Argument Value Required Description
class_reference Class True reference to the class definition
QMLModuleName String True The Module name in QML (for imports)
version Int False Main version number (default = 1)
subversion Int False Subversion number (default = 0)
QMLComponentName String False Component name in QML default = __name__ From the Python class

In QML the component is then used like:

import QMLModuleName 1.0

QMLComponentName {

}

The Plugin Class must implement the method init that receives a matplotlib.axis.Axis object as an argument. It must inherit one of the base classes like matplotlib_qml.plot_objects.Base, matplotlib_qml.artist.Artist. Each object inheriting these classes will receive an Event Handler from the axes which is handed down from the figure self._event_handler. The Event Handler is available after matplotlib_qml.plot_objects.Figure.initis called. You can use this Event Handler to emit or schedule Events whenever the data lying in the plot object changes:

self._event_handler.emit(EventTypes.PLOT_DATA_CHANGED) # emit events directly
self._event_handler.schedule(EventTypes.PLOT_DATA_CHANGED) # schedule events for next cycle
The Artist class implements a shorthand method schedule_plot_update which schedules a PLOT_DATA_CHANGED event. Available Events can be found in the matplotlib_qml.event.EventTypes class which contains all the constants.

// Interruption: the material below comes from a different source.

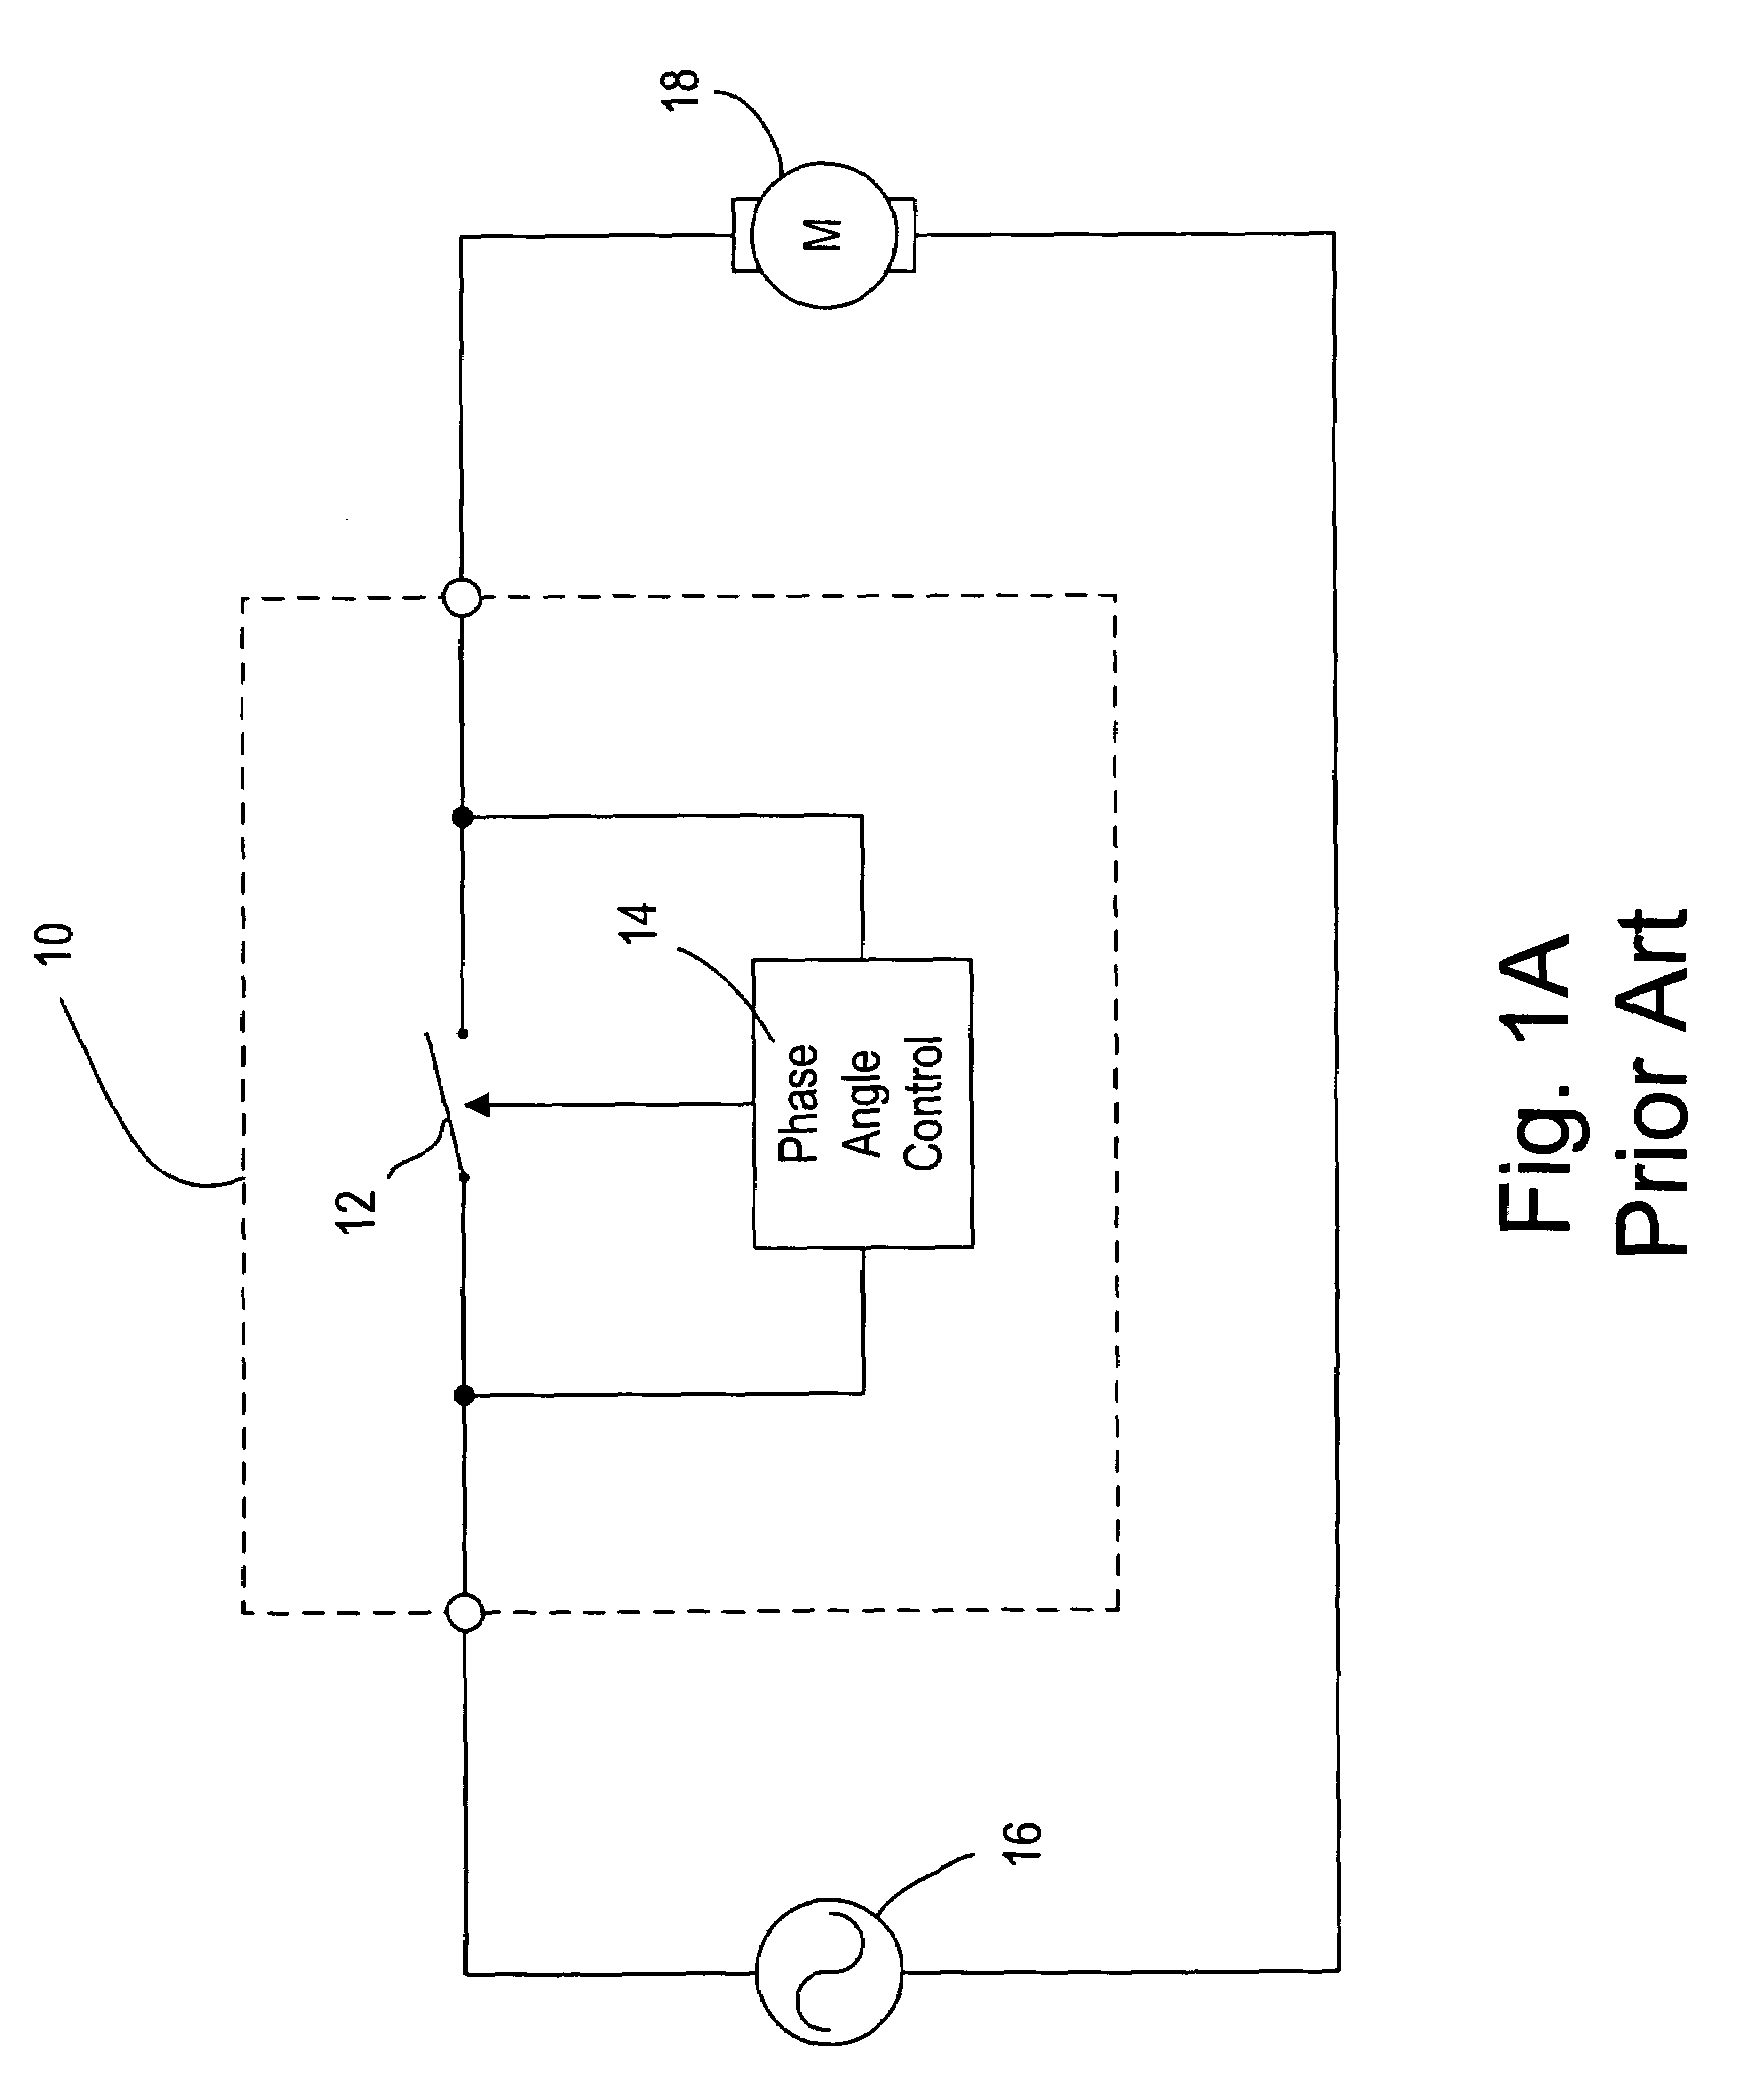 Method and apparatus for quiet variable motor speed control

You can also register methods to be executed whenever an event is emitted from other components. To do that you need to register the method to the event handler (best to do during init:

def init(self, ax):
    self._plot_obj = ax.plot(self._x_values)
    # more logic here
    self._event_handler.register(Eventtypes.PLOT_DATA_CHANGED, self.my_method)

This will result in my_method being executed whenever the event is emitted. You can also create an internal event handler if you need to create events independent to other components or the figure. Note that the figure needs to receive an event in order to rerender after your changes.

Register a component without using the plugin folder

In order to use the bridge you need to call the matplotlib_qml.init method. This method registers all the internal components and plugins to QML. You can register your own components before calling this method:

from matplotlib_qml import factory, init
from custom_qml_component import CustomQMLComponent

factory.register(CustomQMLComponent, "MyModuleName", qml_component_name = "CustomComponent")
init()

Register component multiple times

Registering the same QML component name twice will result in the first one being erased. The qml_component_name is optional. If it is not provided the Class.__name__ attribute is used.